Hornbill Unleashed

September 7, 2017

I am a bigot. Are you?

Filed under: Politics — Hornbill Unleashed @ 8:01 AM

A relative’s house, recently renovated, was burgled. My first suspects – an inside job, the contract migrant workers. Who else would know the unsecured sections and layout of the house?

News reports of rising crime and alarmist anecdotes of home invasions in the gated community reinforced my suspicion. That was an uncomfortable thought stemming from an underlying bias against migrant workers.

I may think I’m a rational being who understands the logic of his actions and thoughts. But when it comes to reacting to perceived differences in other groups, much of what I think and say is often done without much thought.

I gravitate towards negative narratives. I pigeonhole and relate to others by the labels I unconsciously tag on ‘them’. I am implicitly biased. I am a bigot. Are you? (you can find out for yourself with Harvard University’s Implicit Association Test).

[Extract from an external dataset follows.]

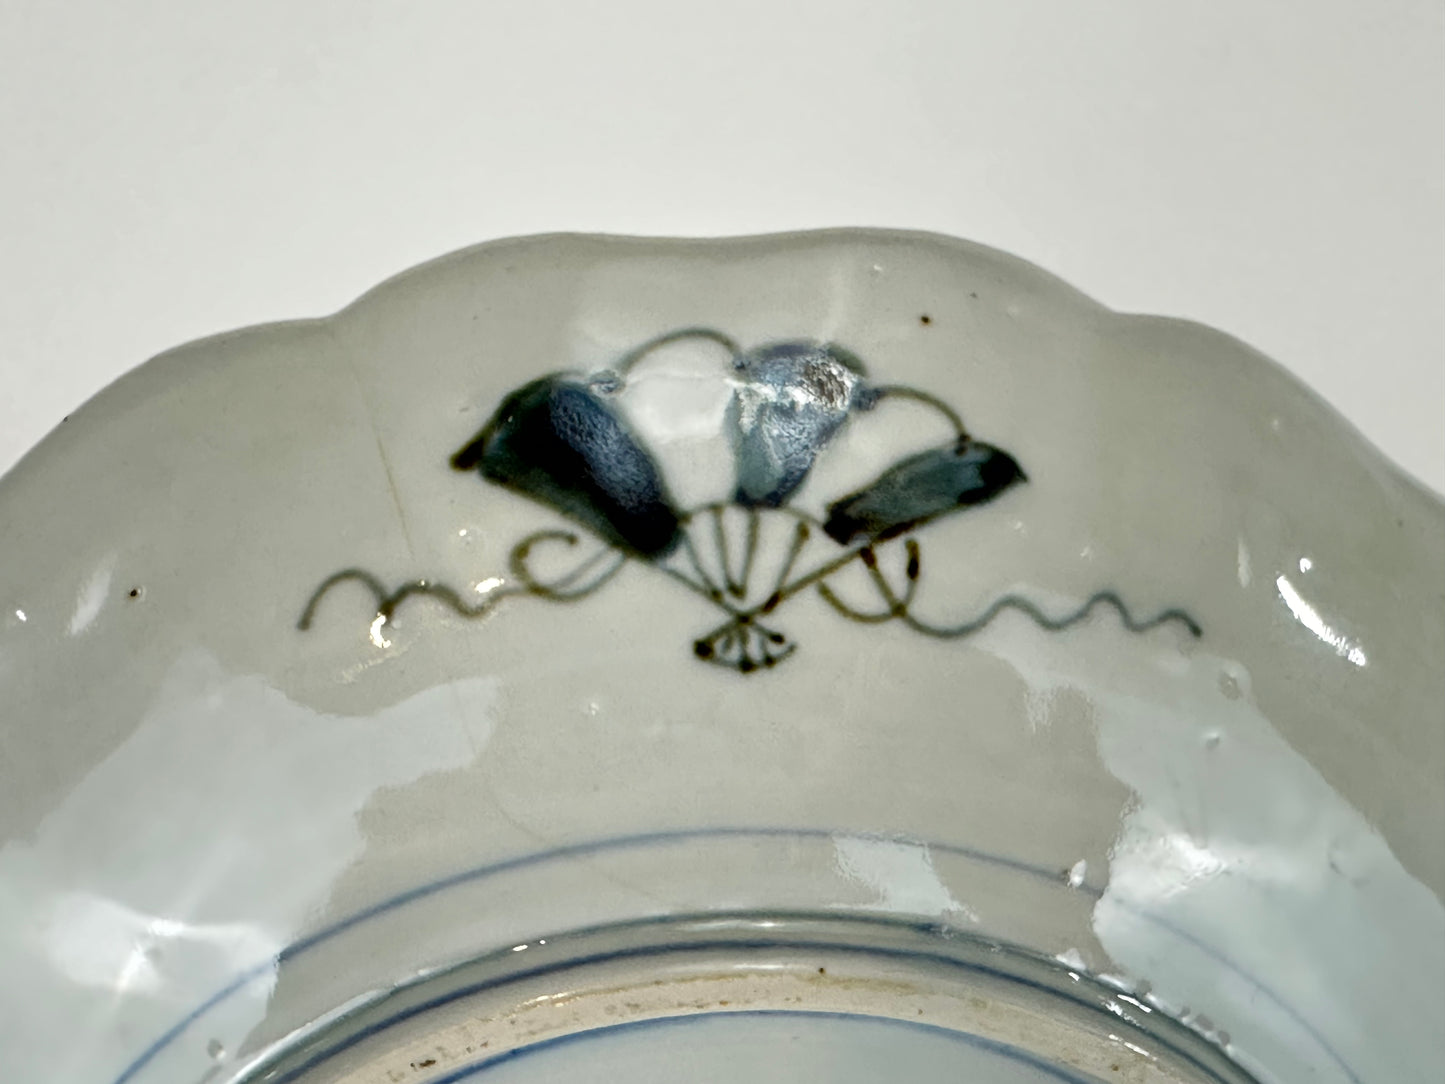 Antique Japanese 19thC Imari Ceramic Plate Hawk & Fan 9.5"

My implicit bias could easily fester into overt bigotry – unless I consciously listen to the personal stories of the migrant workers as individuals compelled to leave their family for higher paid work in other countries. It’s that simple – listen first before judging.

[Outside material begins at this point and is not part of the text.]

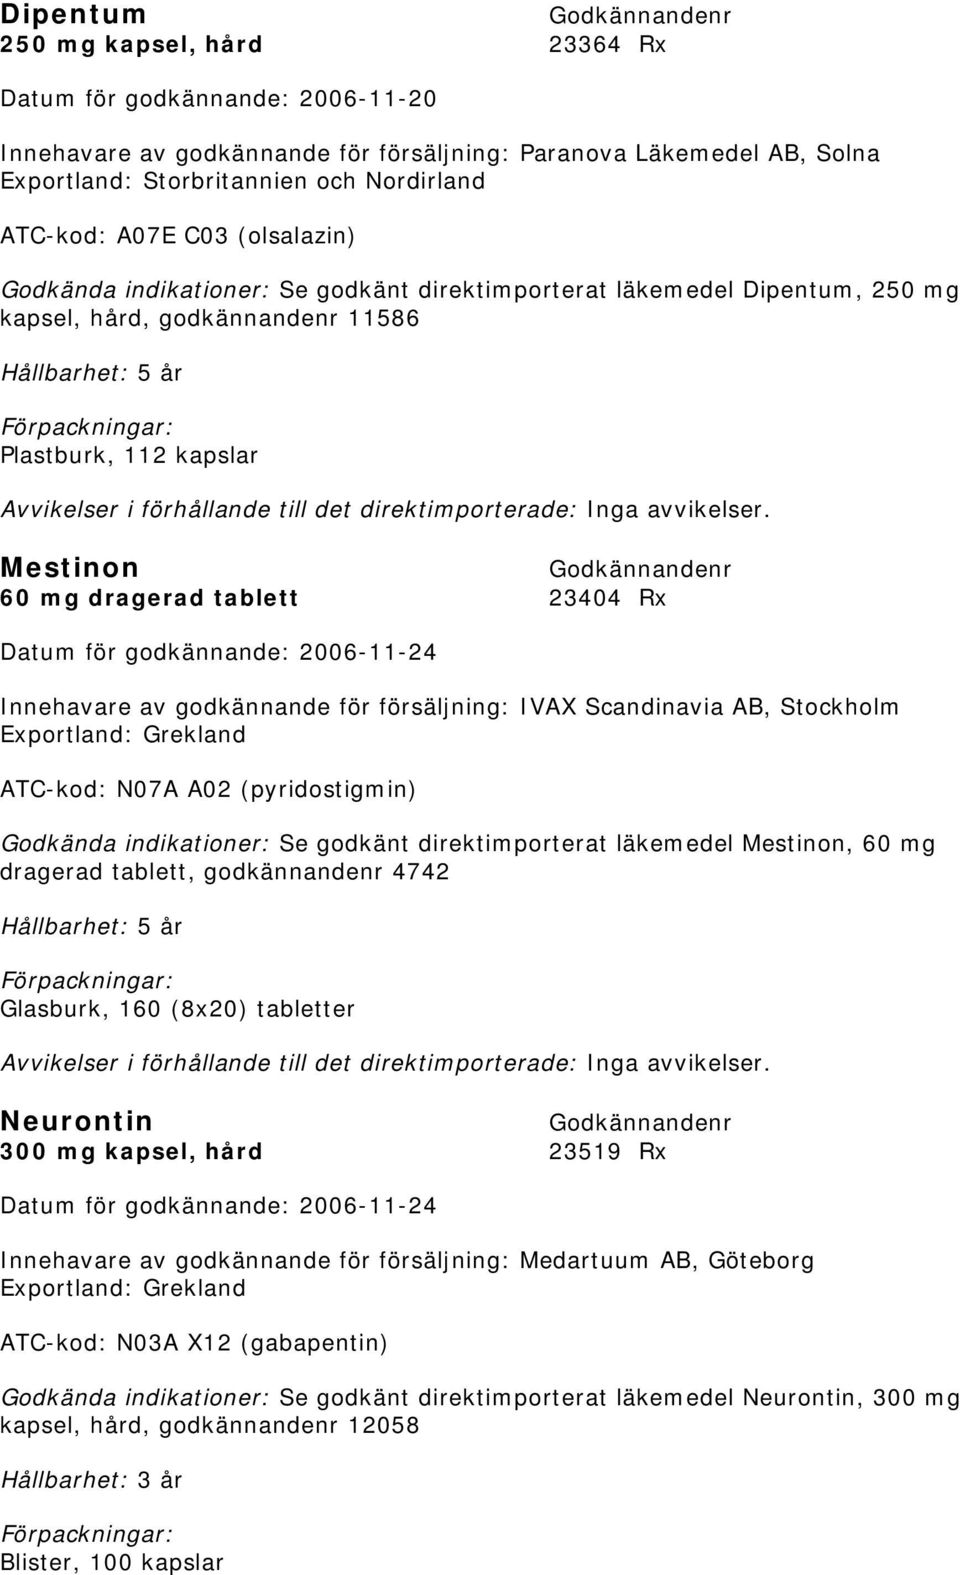 23404 Rx Innehavare av godkännande för försäljning: IVAX Scandinavia AB, Stockholm Exportland: Grekland ATC-kod: N07A A02 (pyridostigmin) Godkända indikationer: Se godkänt direktimporterat läkemedel

As Pope Francis said of the US President Donald Trump before they met in the Vatican, “I never judge someone before I listen to the person. I can’t do that…we will talk and things will come up…I will tell him what I think, he will tell me what he thinks, but I never wanted to judge someone before I listen to the person first.”

With the divisive racial politics in Malaysia, we could do a lot better if we listen to and engage more with each other. For a while, we listened and came together during the MH370 and MH17 tragedies. We reached out to social media. But when it came to competing for a fairer share of a diminishing economic pie, race and religion inevitably determine where we stand in the queue.

A random read of social media comments on national issues shows how fixated we are on racial differentiation and discrimination. Nobel Laureate in economic sciences and psychologist, Daniel Kahneman, in ‘Thinking, Fast and Slow’, notes that our brain is habitually “primed to find flaws” in whatever and whomever we encounter.

In a laboratory experiment, Kahneman observes, “the brains of humans and other animals contain a mechanism that is designed to give priority to bad news…the brain responds quickly even to purely symbolic threats. Emotionally loaded words quickly attract attention, and bad words (war, crime, race) attract attention faster than do happy words (peace, love, harmony).” Which partly explains the tone of media reporting of race issues.

We are getting bolder

Whether our racial narratives have become worse is hard to say, without reliable empirical studies. What is clear is that we are getting bolder, and less accountable, in anonymously releasing our pent-up angst on social media, even as special interest groups and political incumbents publicly spew their racist rhetoric with impunity. This, despite the fact that we share certain core values and goals for our family, community and country.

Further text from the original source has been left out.